● Problem requirements: Using the data below, return word for word every line from the one holding "Tan Hand Crafted Semi-Leather Sandals" down to the one holding "Armchair 1 For $60 Or Pair For $100". Leave pictures out.

● Input data:
──────────────────────────────

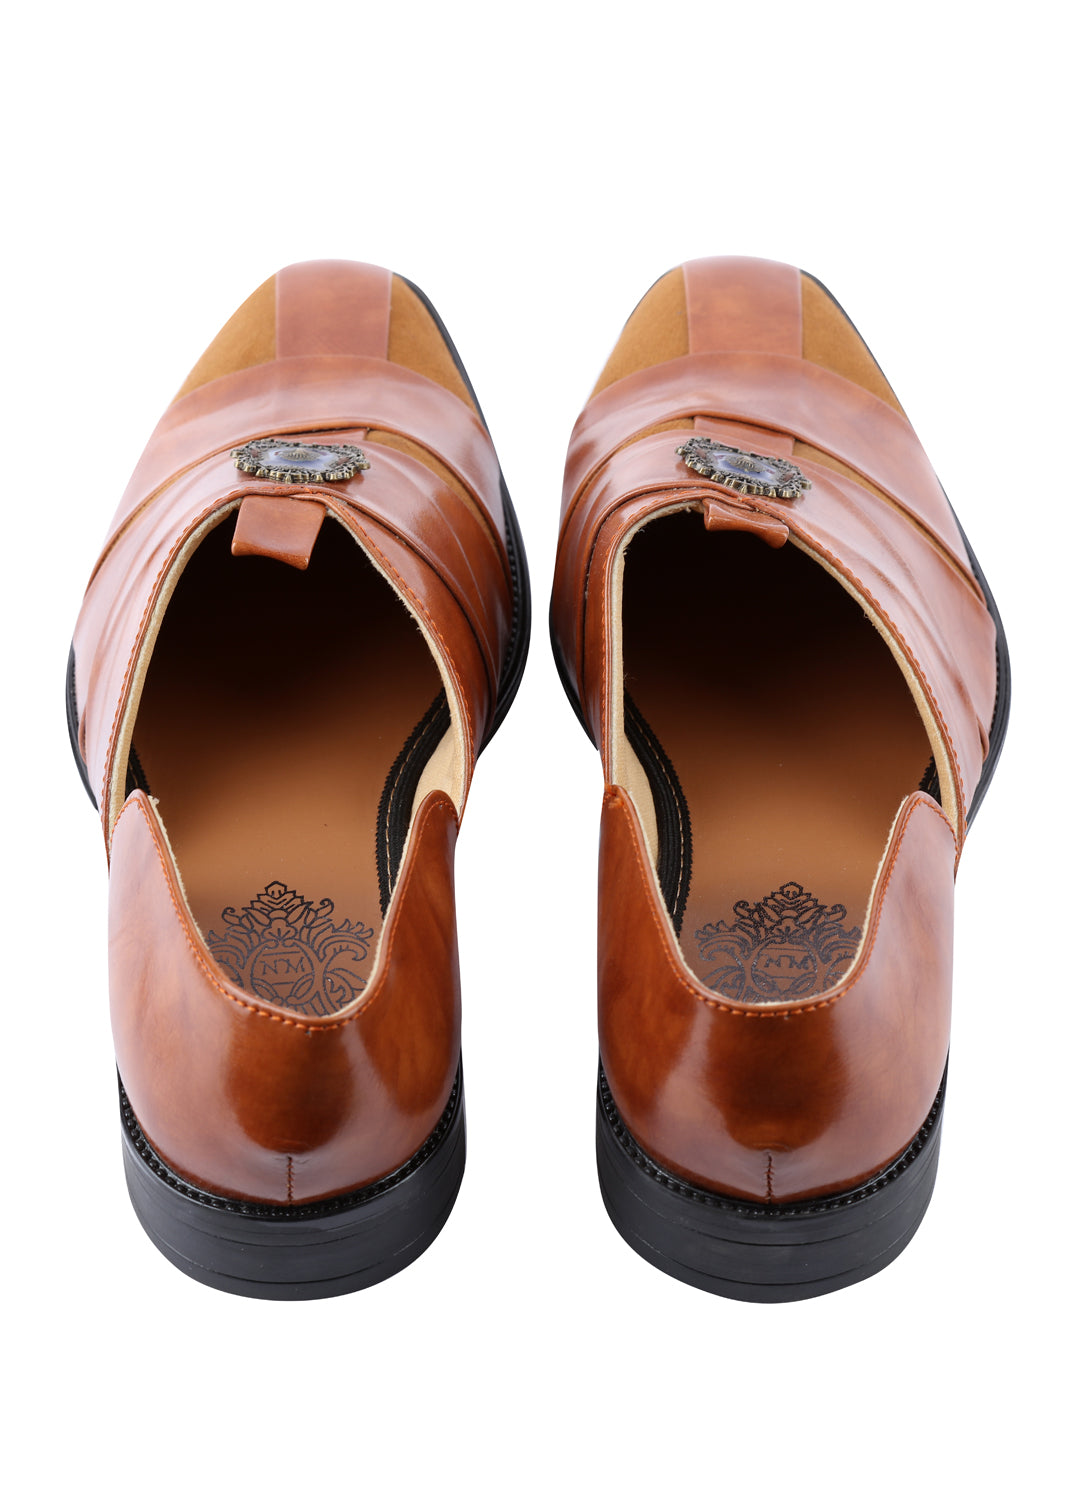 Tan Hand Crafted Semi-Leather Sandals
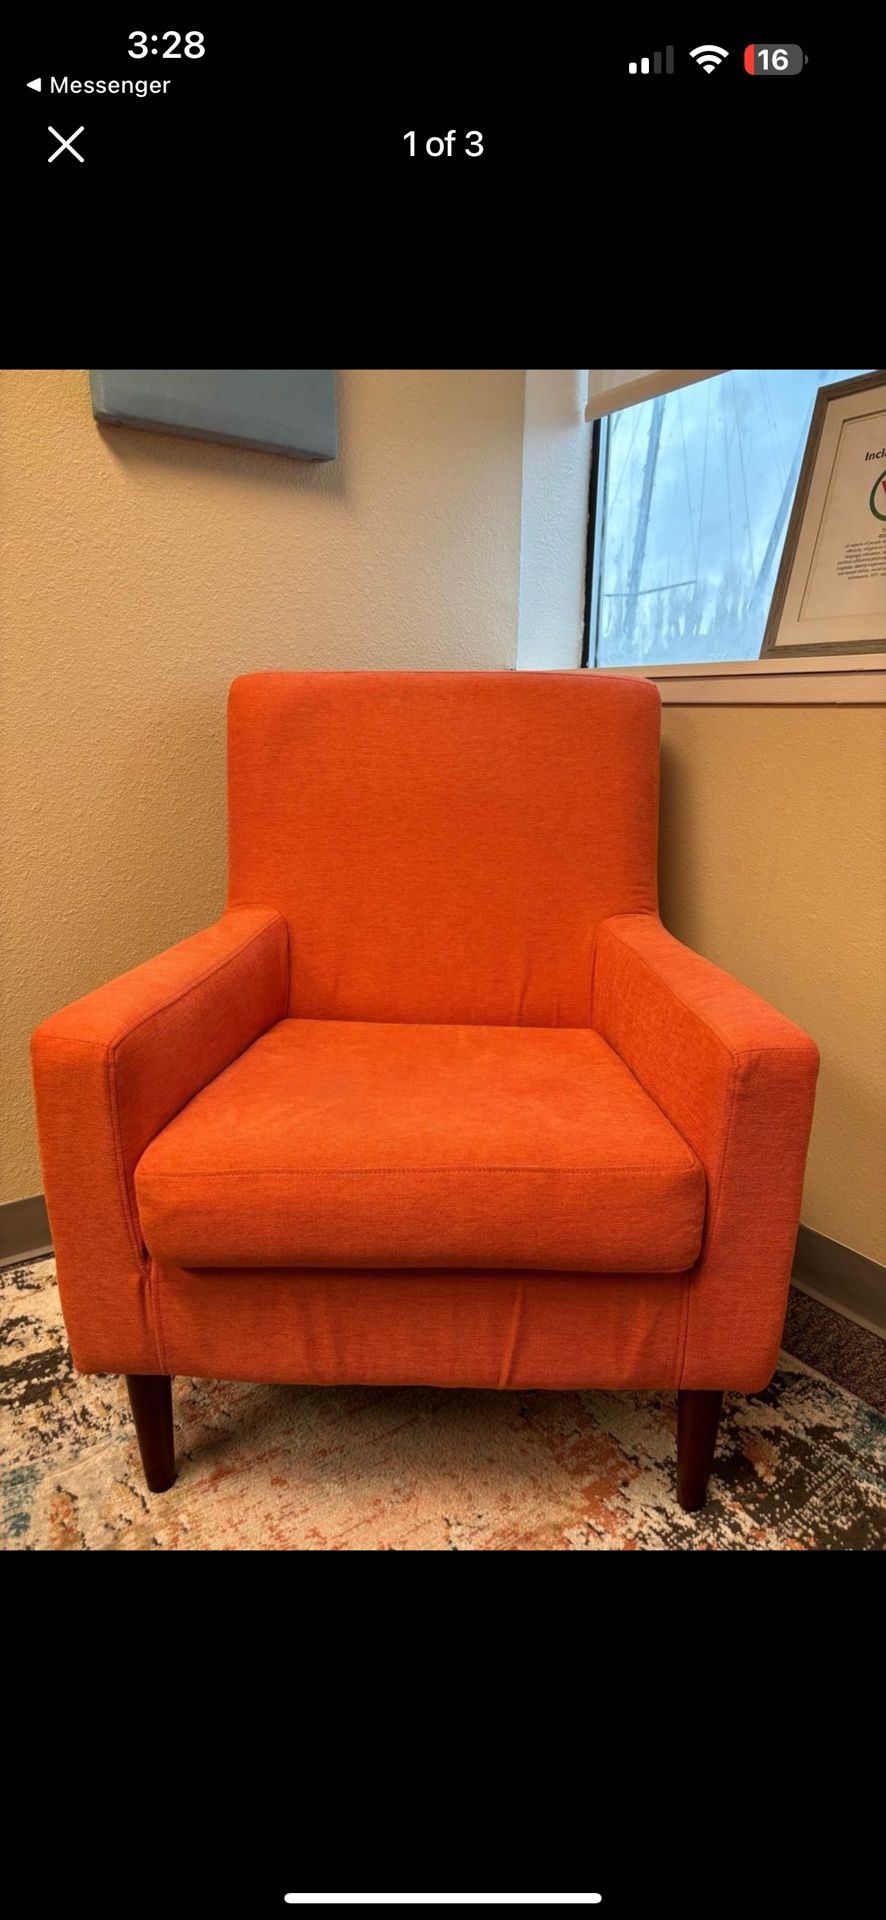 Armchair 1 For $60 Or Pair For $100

──────────────────────────────

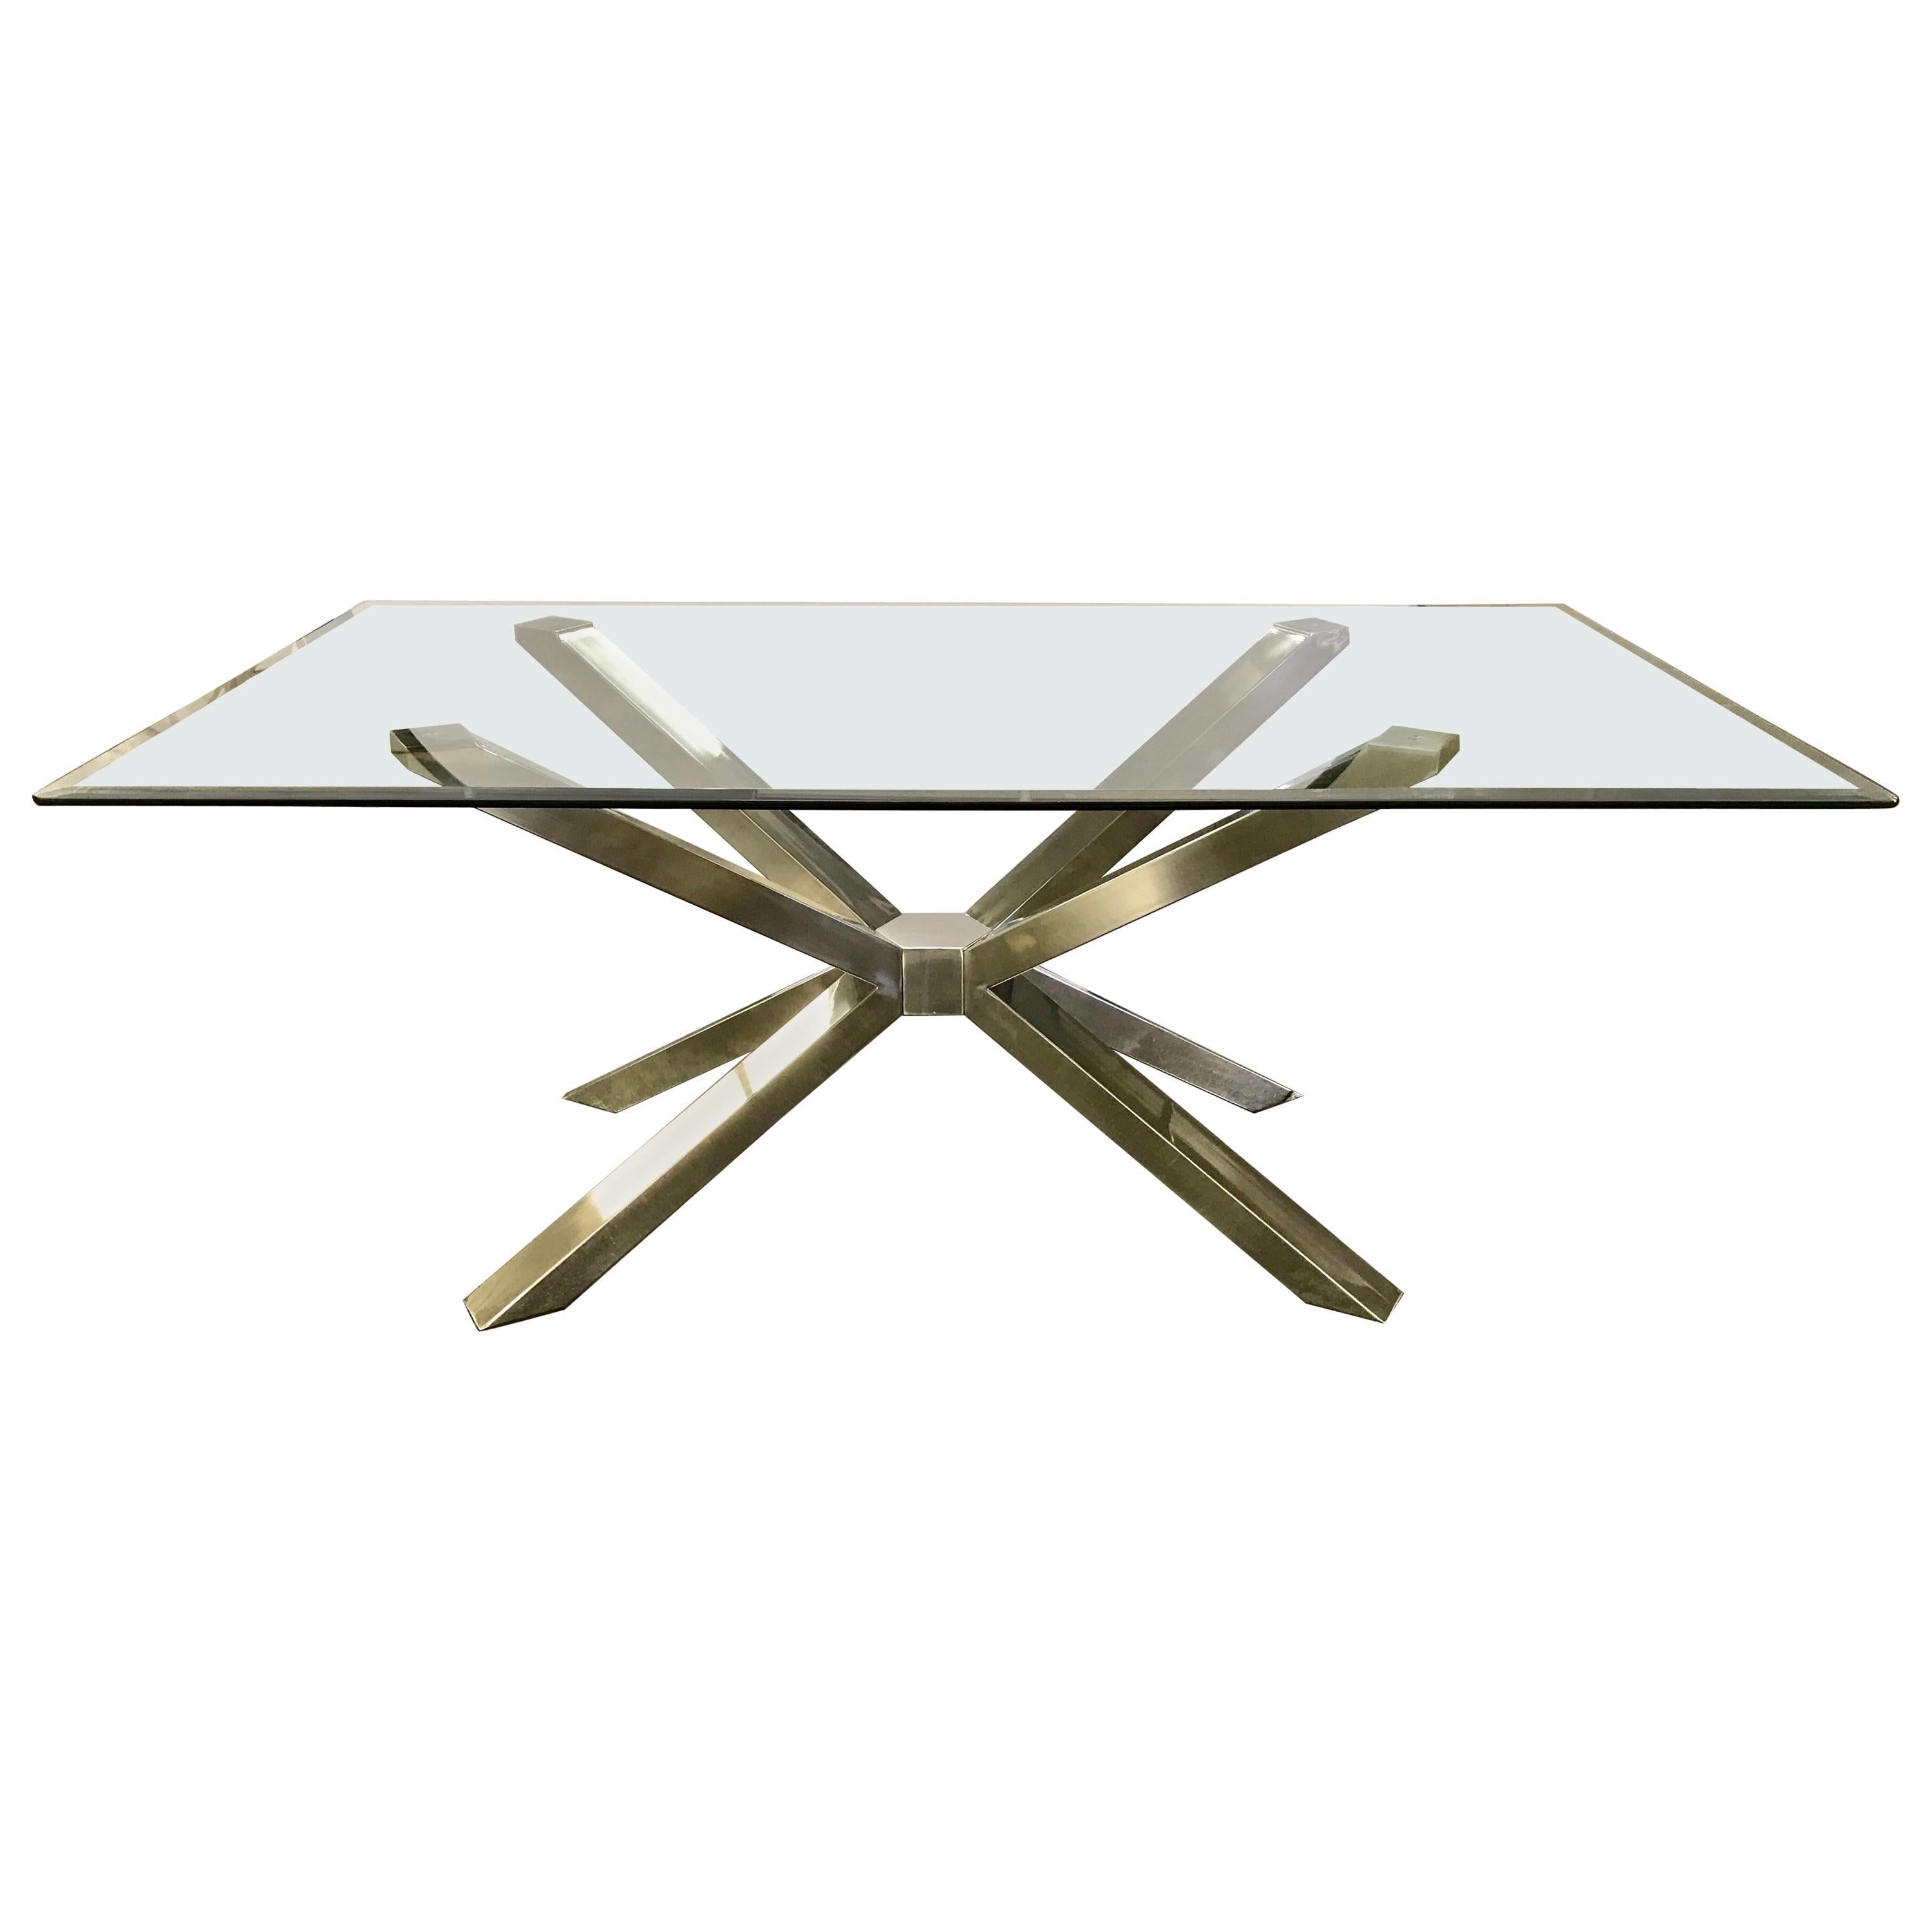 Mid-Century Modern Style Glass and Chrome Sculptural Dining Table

──────────────────────────────

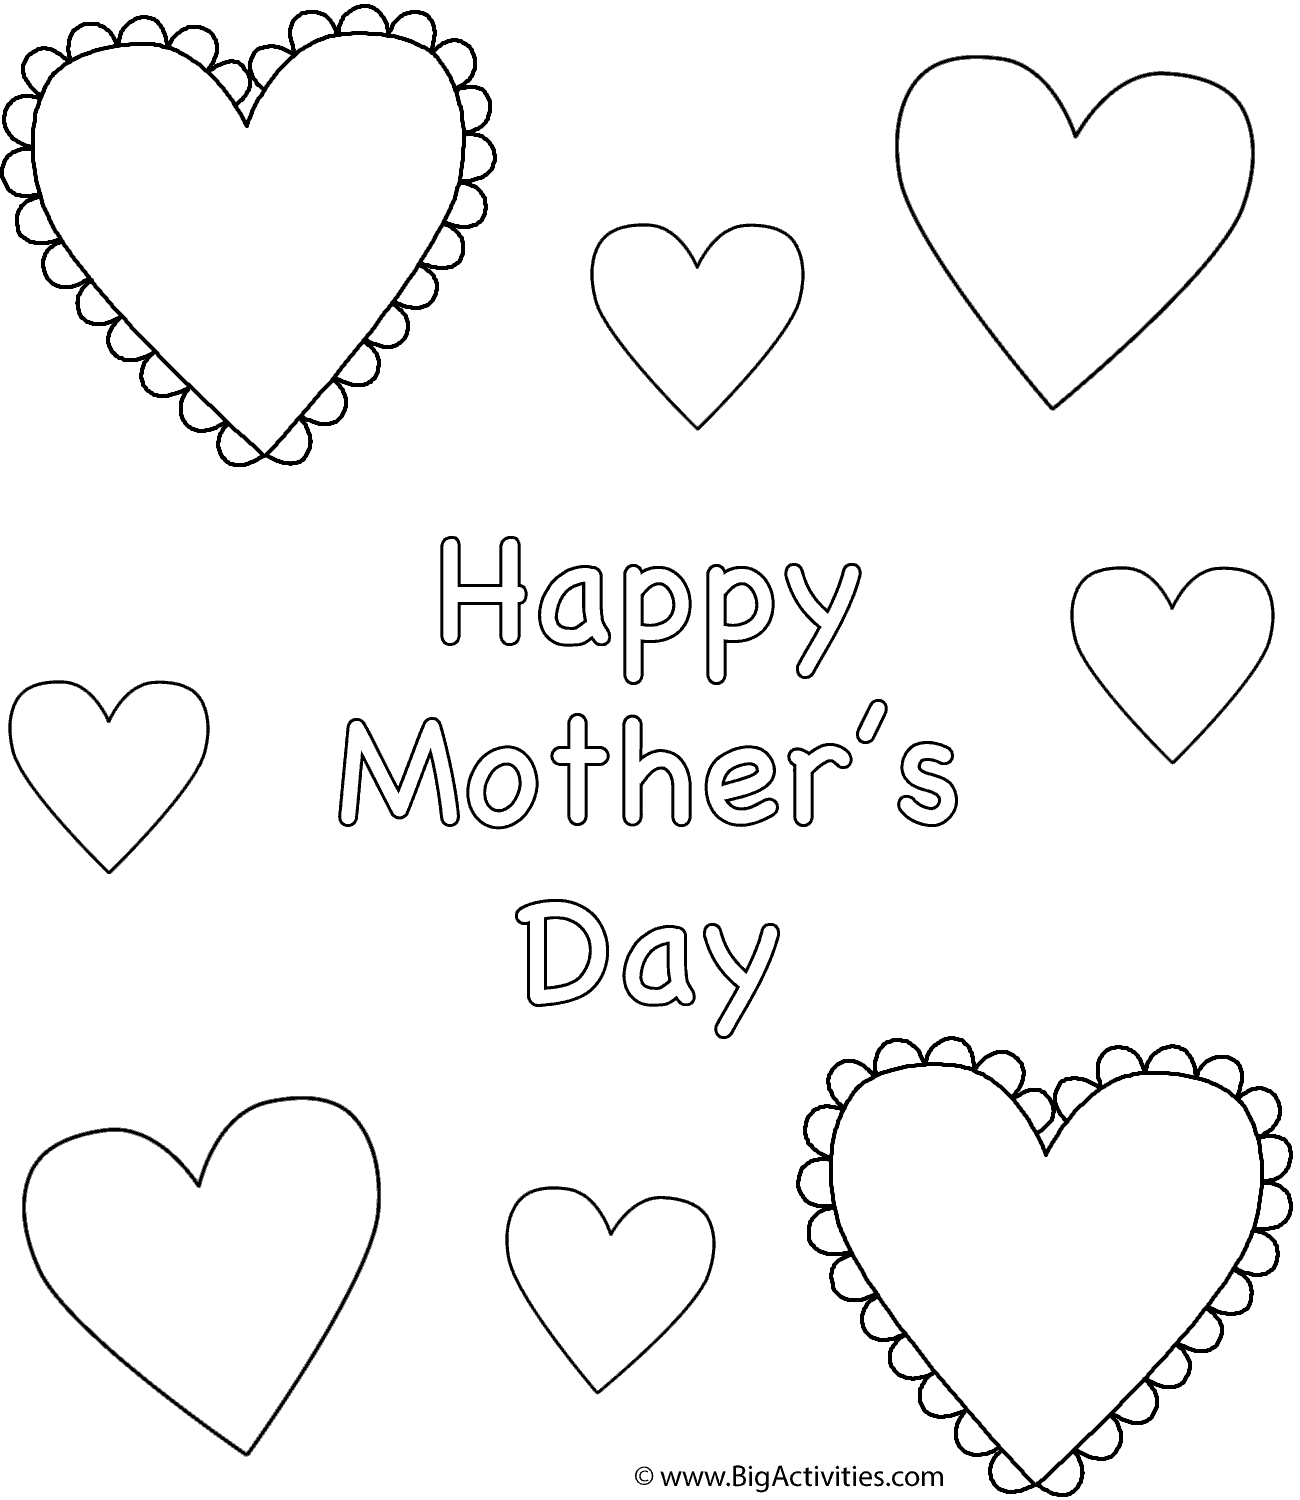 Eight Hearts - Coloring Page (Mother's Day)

──────────────────────────────

● Your solution:
 Tan Hand Crafted Semi-Leather Sandals
 Armchair 1 For $60 Or Pair For $100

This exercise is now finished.